The nursing process is a modified scientific method. Nursing practise was first described as a four-stage nursing process by Ida Jean Orlando in 1958. It should not be confused with nursing theories or health informatics. The diagnosis phase was added later.

The nursing process uses clinical judgement to strike a balance of epistemology between personal interpretation and research evidence in which  critical thinking may play a part to categorize the clients issue and course of action. Nursing offers diverse patterns of knowing. Nursing knowledge has embraced pluralism since the 1970s.

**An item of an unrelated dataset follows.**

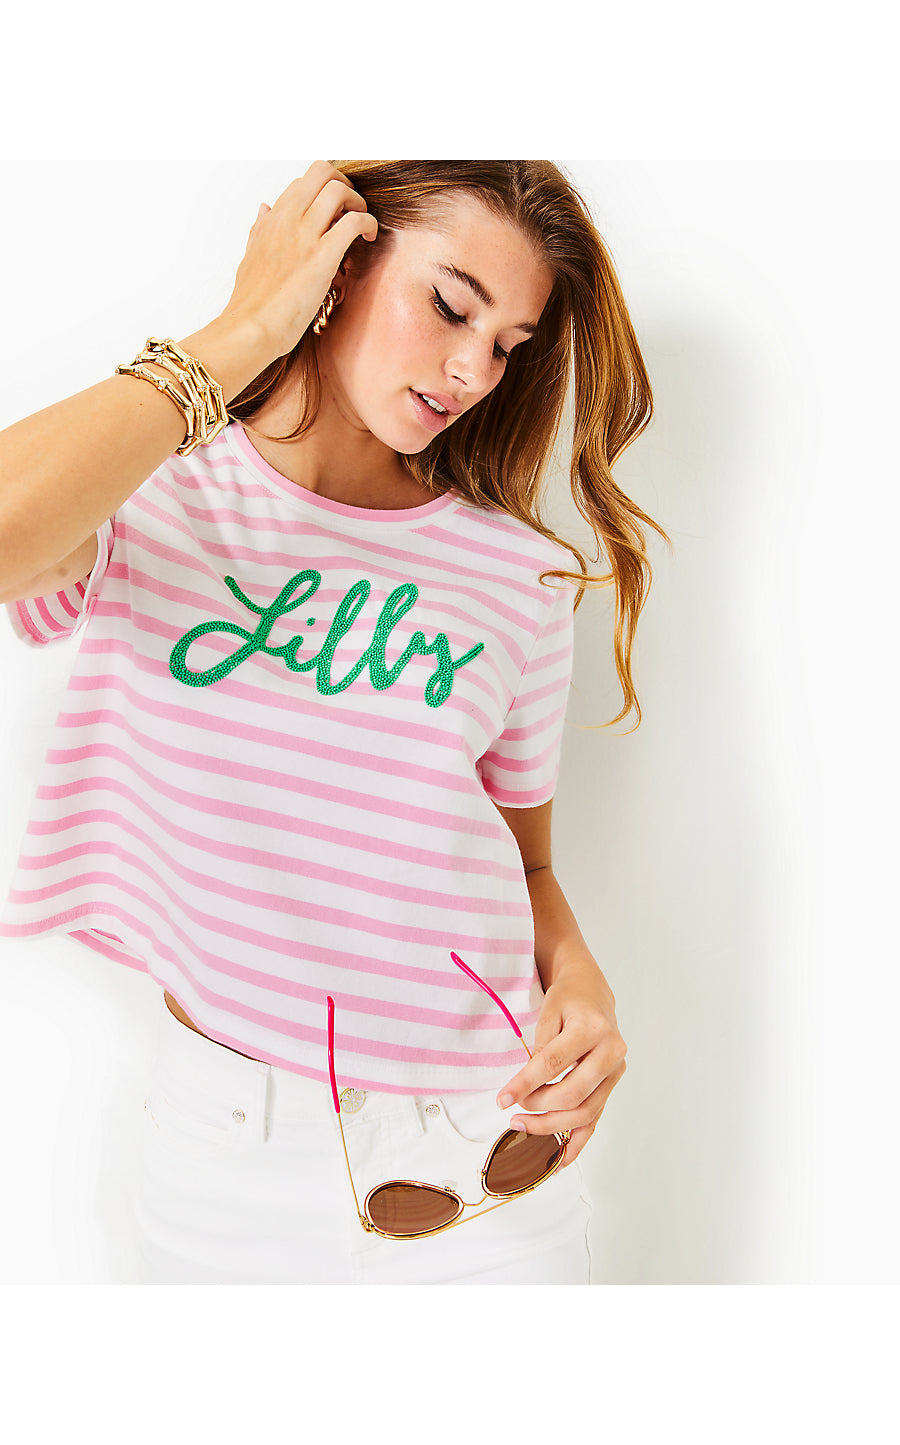 Keenan Knit Top | Conch Shell Pink Striped Lilly Pulitzer Embellished Top

Some authors refer to a mind map or abductive reasoning as a potential alternative strategy for organizing care.  Intuition plays a part for experienced nurses.

Phases

The nursing process is goal-oriented method of caring that provides a framework to nursing care. It involves seven major steps:

A
 Assess (what data is collected?)
D
 Diagnose (what is the problem?)
O
  Outcome Identification - (Was originally a part of the Planning phase, but has recently been added as a new step in the complete process).
P
 Plan (how to manage the problem)
I
 Implement (putting plan into action)
R
Rationale (Scientific reason of the implementations)
E
 Evaluate (did the plan work?)

According to some theorists, this seven-steps description of the nursing process is outdated and misrepresents nursing as linear and atomic.

Assessing phase

The nurse completes a holistic nursing assessment of the needs of the individual/family/community, regardless of the reason for the encounter. The nurse collects subjective data and objective data using a nursing framework, such as Marjory  Gordon's functional health patterns.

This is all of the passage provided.